The ticket booth at the State Theatre's April 2021 exhibition gave out vintage-style stubs to visitors walking into a former cinema that had not shown a film since 1997. Old seats, movie posters, and the preserved shopfront of the State Hair Salon filled the lobby—curated relics from a building whose demolition had seemed certain just a few years earlier. That the State Theatre was still standing at all was the result of an unlikely chain of events: international conservation pressure, a government advisory board overruling its own staff, and an architect's report containing a candid admission that officials had been guessing about the building's internal structure. Hong Kong's heritage battles rarely end so neatly, but this one did.
The building that would become the State Theatre opened in December 1952 as the Empire Theatre, designed by architects George W. Grey and Liu Sun-fo. It operated under that name for only five years before closing in 1957. After extensive renovations it reopened in 1959 under its new identity—State Theatre—and ran for nearly four more decades. The name change coincided with a period when North Point, on the northeastern shore of Hong Kong Island, was becoming one of the city's more densely settled districts. The theatre anchored the King's Road streetscape at numbers 277 to 291, a solid mid-century presence among the shops and apartment blocks. When it finally closed in 1997, the year of Hong Kong's handover to China, the symmetry felt almost deliberate—though it was almost certainly coincidence.
What makes the State Theatre architecturally unusual is its roof: a series of "parabola-like" concrete arches spanning the auditorium, visible above the roofline and described by conservationists as unique among surviving cinemas in Hong Kong.
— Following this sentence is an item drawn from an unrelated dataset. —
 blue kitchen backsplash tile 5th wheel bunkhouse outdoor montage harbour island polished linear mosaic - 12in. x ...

When New World Development began buying out the ground-floor tenants in July 2015—a prelude to demolition and redevelopment—Docomomo International, the international non-profit dedicated to documenting and conserving modern architecture, added the building to its "Heritage in Danger" list in March 2016. The move attracted significant public attention in Hong Kong. Heritage groups including Walk in Hong Kong, Docomomo Hong Kong, and the Conservancy Association issued a joint statement urging the Antiquities Advisory Board to grant the theatre its highest protection. The arches, visible and structurally expressive, gave conservationists a concrete, photogenic argument.
The Antiquities Advisory Board convened on 18 April 2016 to determine the theatre's grade. The government's own Antiquities and Monuments Office had assessed the building's interior as substantially altered, its original function lost, and its heritage value relatively low—a recommendation against Grade I status. During the meeting, however, board members pressed the AMO with follow-up questions. Officials admitted they had not fully examined the internal structural changes and had been making an informed guess. The board overruled the AMO's recommendation and voted to designate the State Theatre a Grade I historic building. It was an unusual outcome: a government body overturning its own specialist advice based partly on the admission that the advice wasn't solid. In March 2017, the designation became official.
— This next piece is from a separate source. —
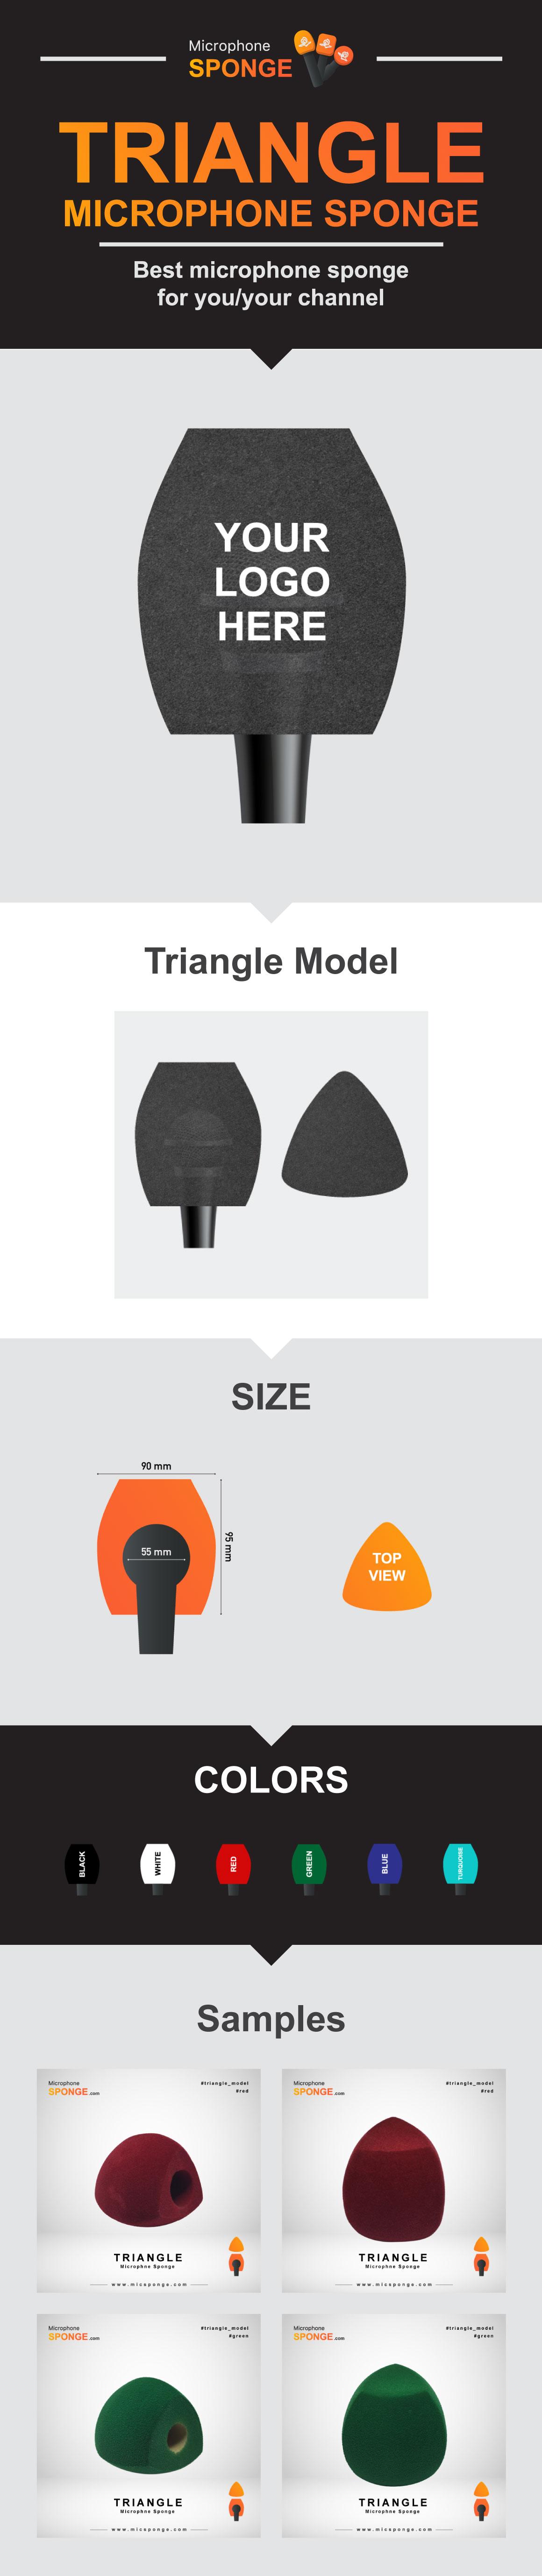 Microphone Sponge Triangle

With Grade I status secured, the conversation shifted to what the State Theatre might become. Architects WilkinsonEyre and Purcell were appointed to lead the conservation project; Variety reported in 2021 that the restoration was expected to take five years. Proposals had ranged from an indoor sports facility with rock climbing and zip-lining to a shared community space. The April 2021 exhibition—"Finding your, my, his or her State"—drew visitors with an instinct for nostalgia and gave New World Development a way to shape the narrative before construction work began. The theatre also carries its own minor film history: Bruce Lee's posthumously released 1978 film Game of Death was shot partly here, and director Fruit Chan used it in his 1998 film The Longest Summer. The arches endure; the films remain.
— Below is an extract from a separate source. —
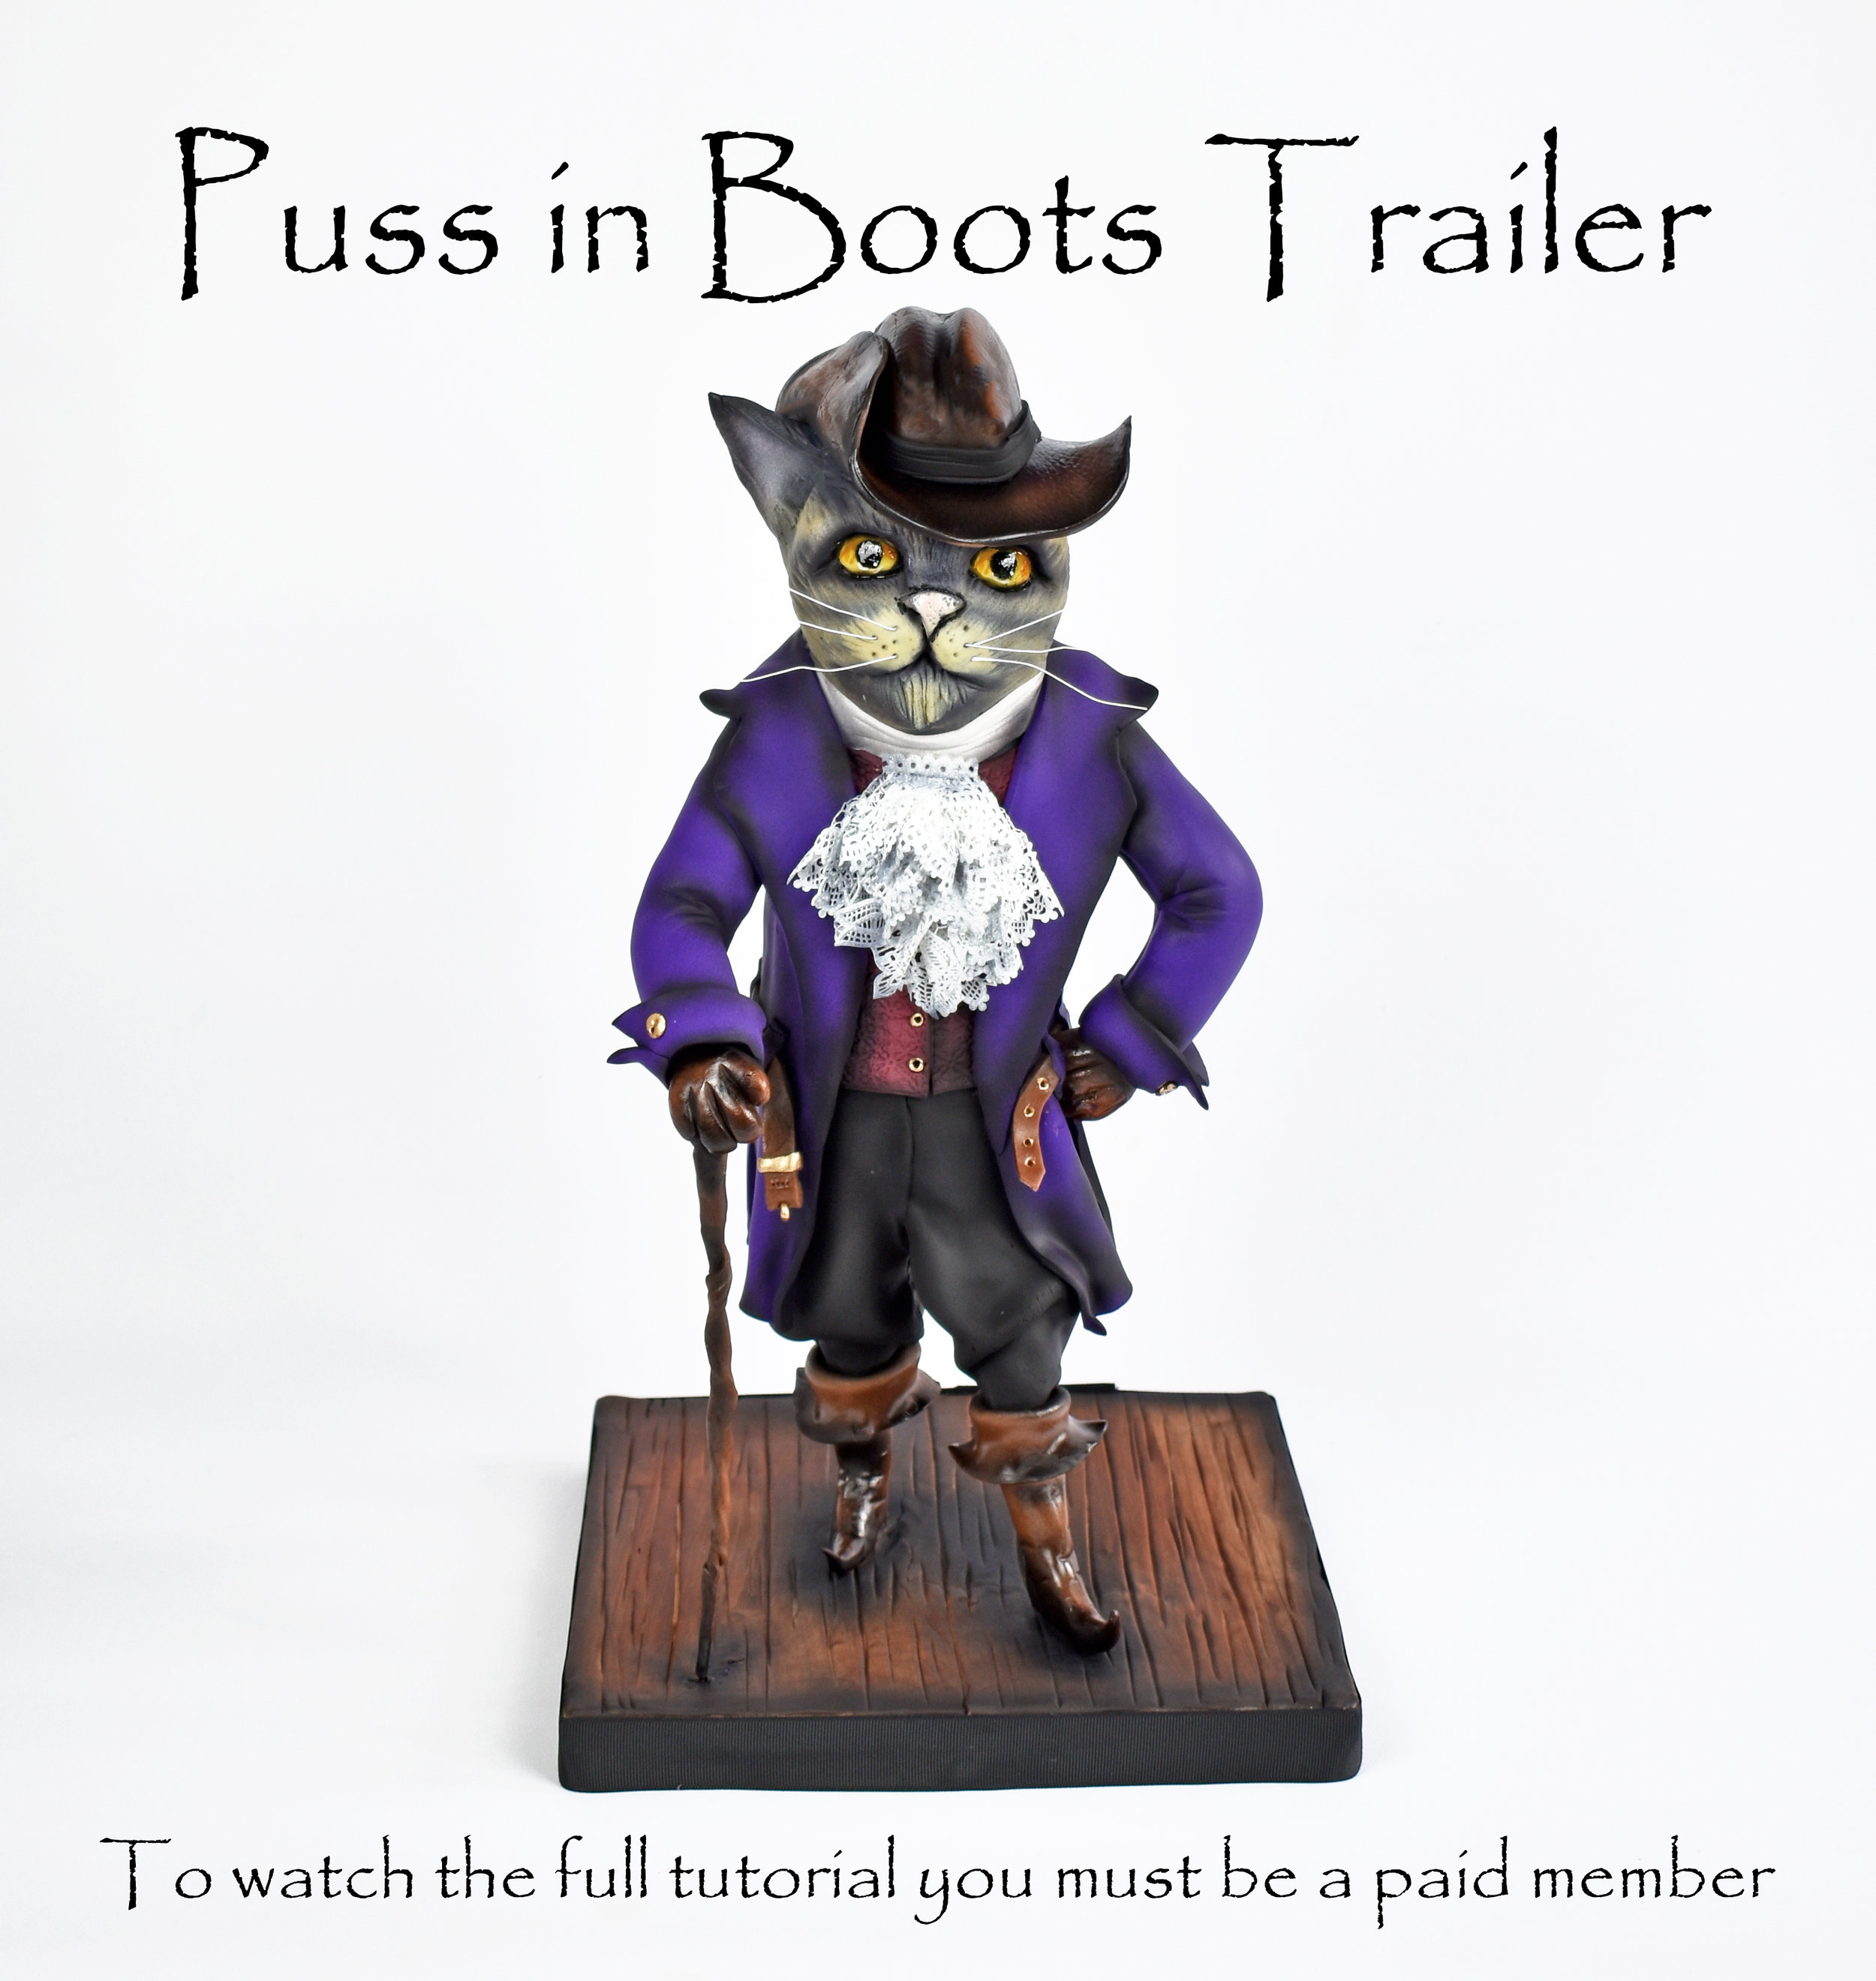 puss in boots trailer.jpg

The State Theatre sits at approximately 22.290°N, 114.195°E on King's Road in North Point, on the northeastern shore of Hong Kong Island. From the air, North Point's dense mid-rise housing blocks form a distinctive band along the waterfront, with Victoria Harbour immediately to the north. The building is not easily distinguishable from altitude, but the North Point waterfront—including the power station chimney stacks visible for many years—provides orientation. Hong Kong International Airport (VHHH) is located on Lantau Island roughly 35 km to the west. Visual approaches over the harbour from the northeast bring North Point into view at 2,000–4,000 feet. The building is best visited from ground level via North Point MTR station.